---------- COLLECTED MATERIAL
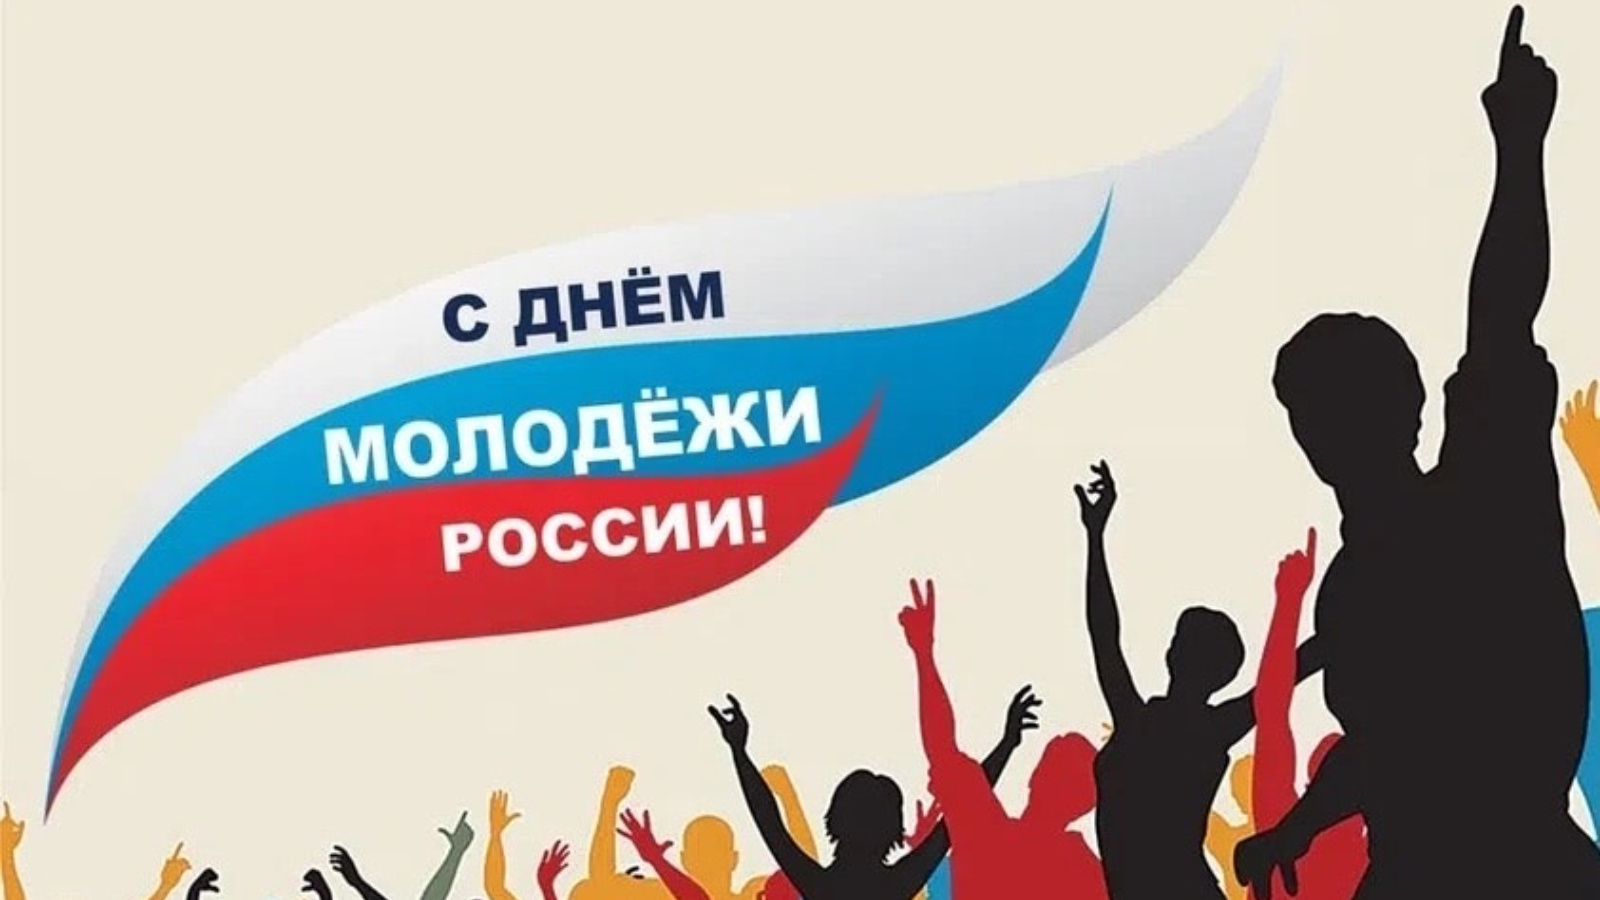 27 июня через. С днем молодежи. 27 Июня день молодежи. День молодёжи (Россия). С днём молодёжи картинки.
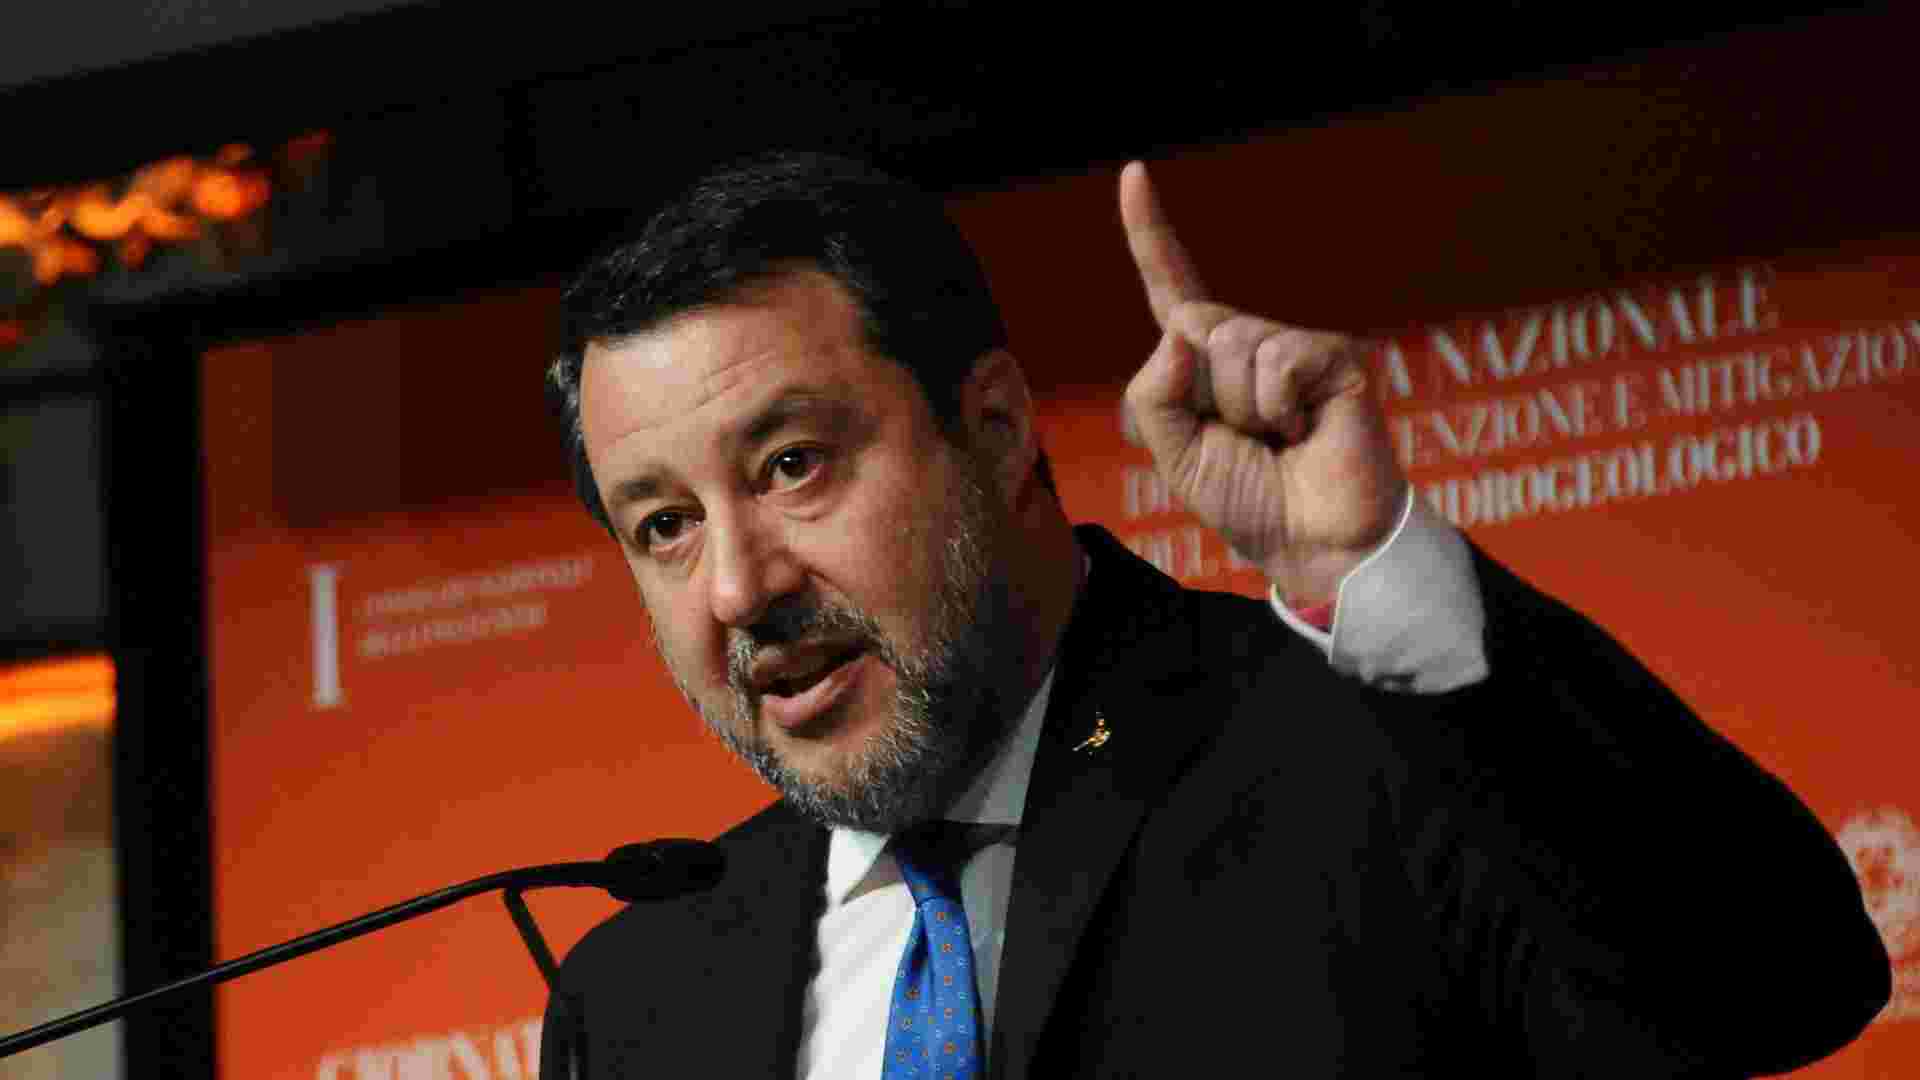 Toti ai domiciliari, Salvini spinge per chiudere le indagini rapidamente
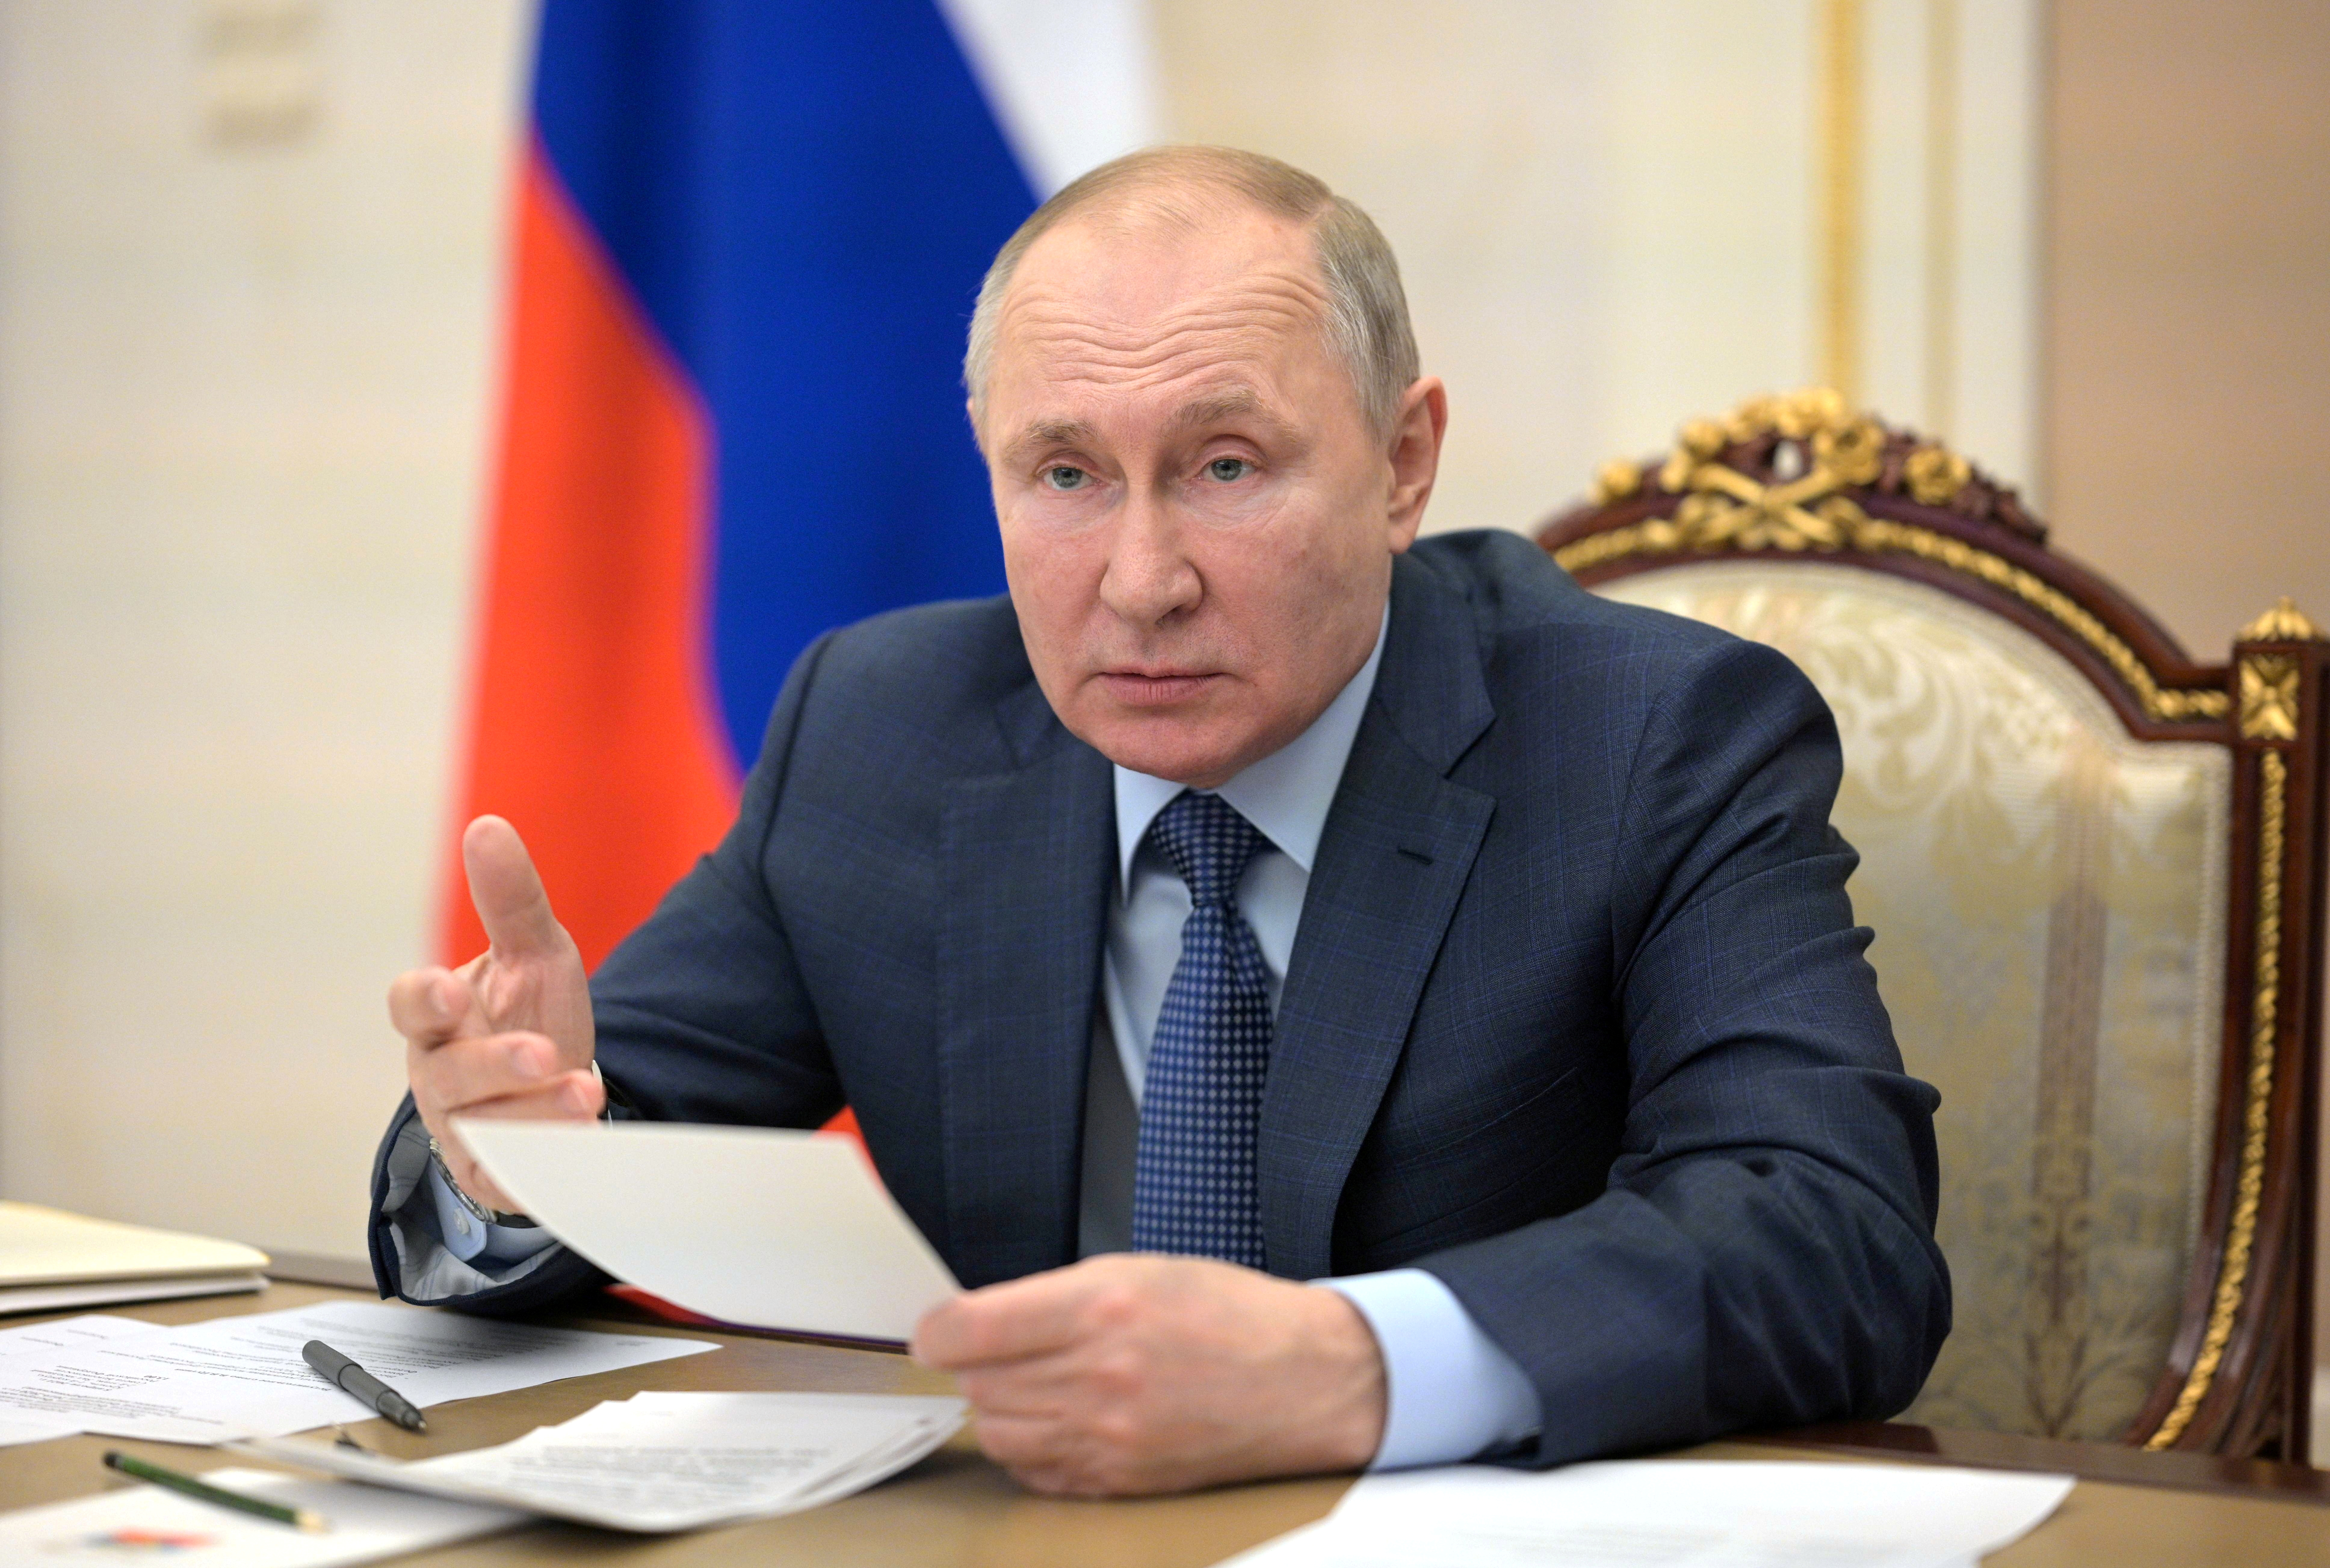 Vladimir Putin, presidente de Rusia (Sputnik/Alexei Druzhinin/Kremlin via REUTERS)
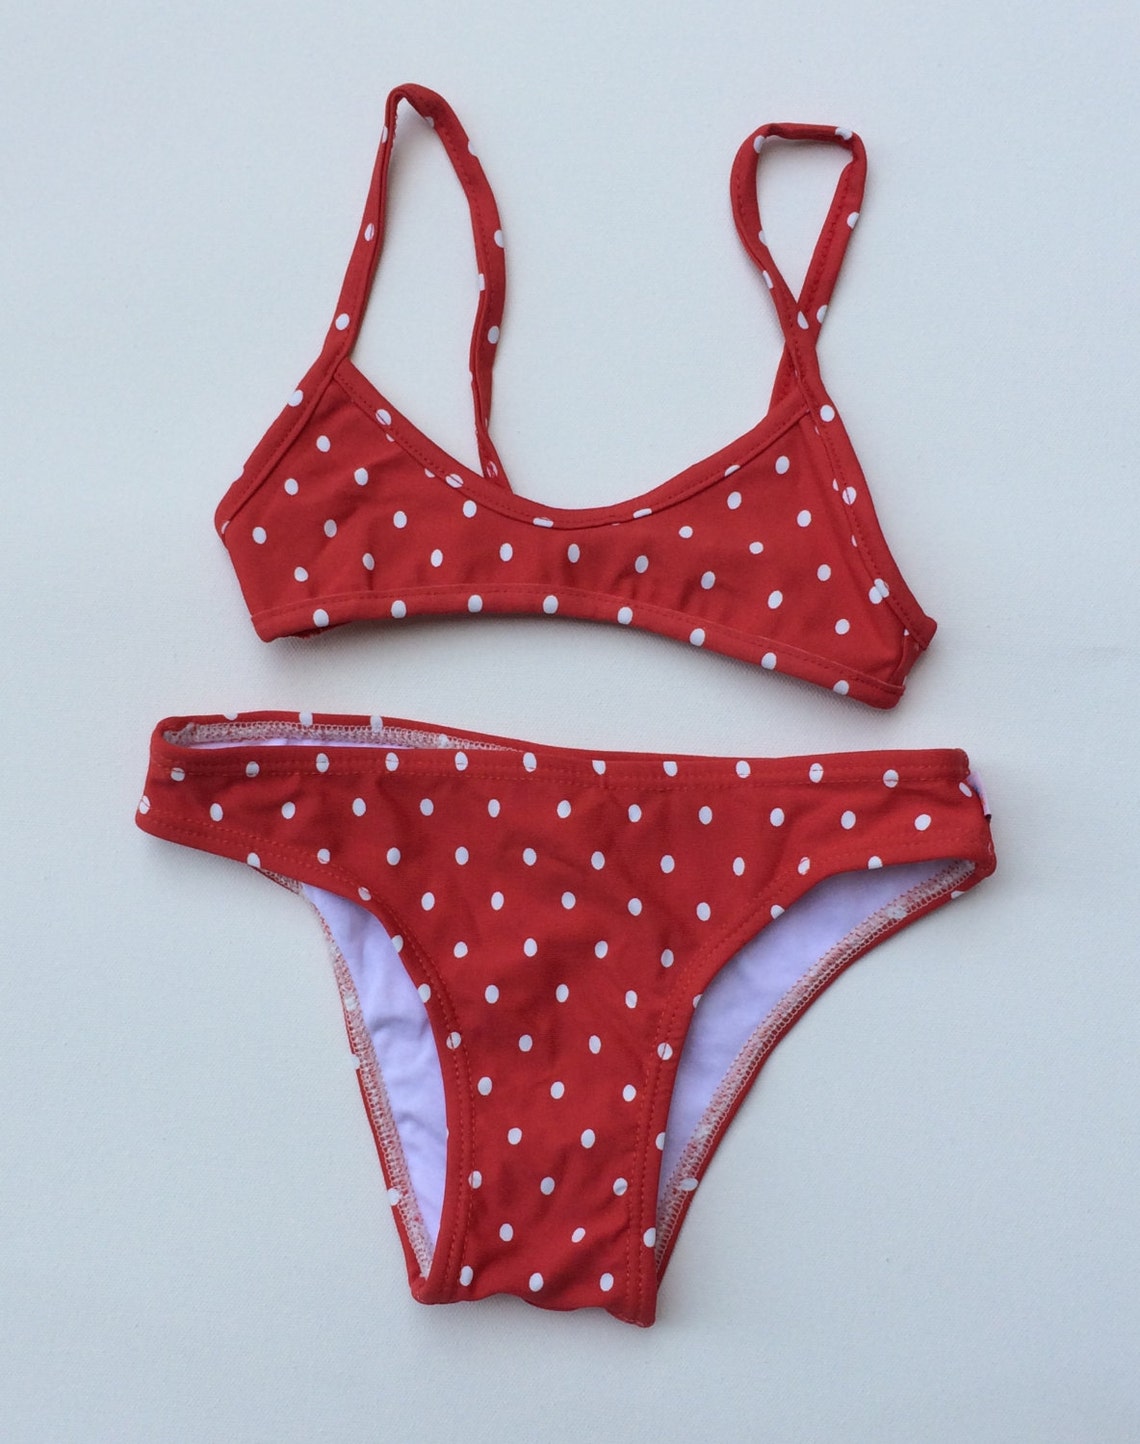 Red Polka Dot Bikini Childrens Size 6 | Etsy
--------------------
**ASSIGNED TASK**
No pictures belong in the answer, only the lines from the top of the listing through the line containing "Vladimir Putin, presidente", repeated word for word.

**SOLVED EXERCISE**
 27 июня через. С днем молодежи. 27 Июня день молодежи. День молодёжи (Россия). С днём молодёжи картинки.
 Toti ai domiciliari, Salvini spinge per chiudere le indagini rapidamente
 Vladimir Putin, presidente de Rusia (Sputnik/Alexei Druzhinin/Kremlin via REUTERS)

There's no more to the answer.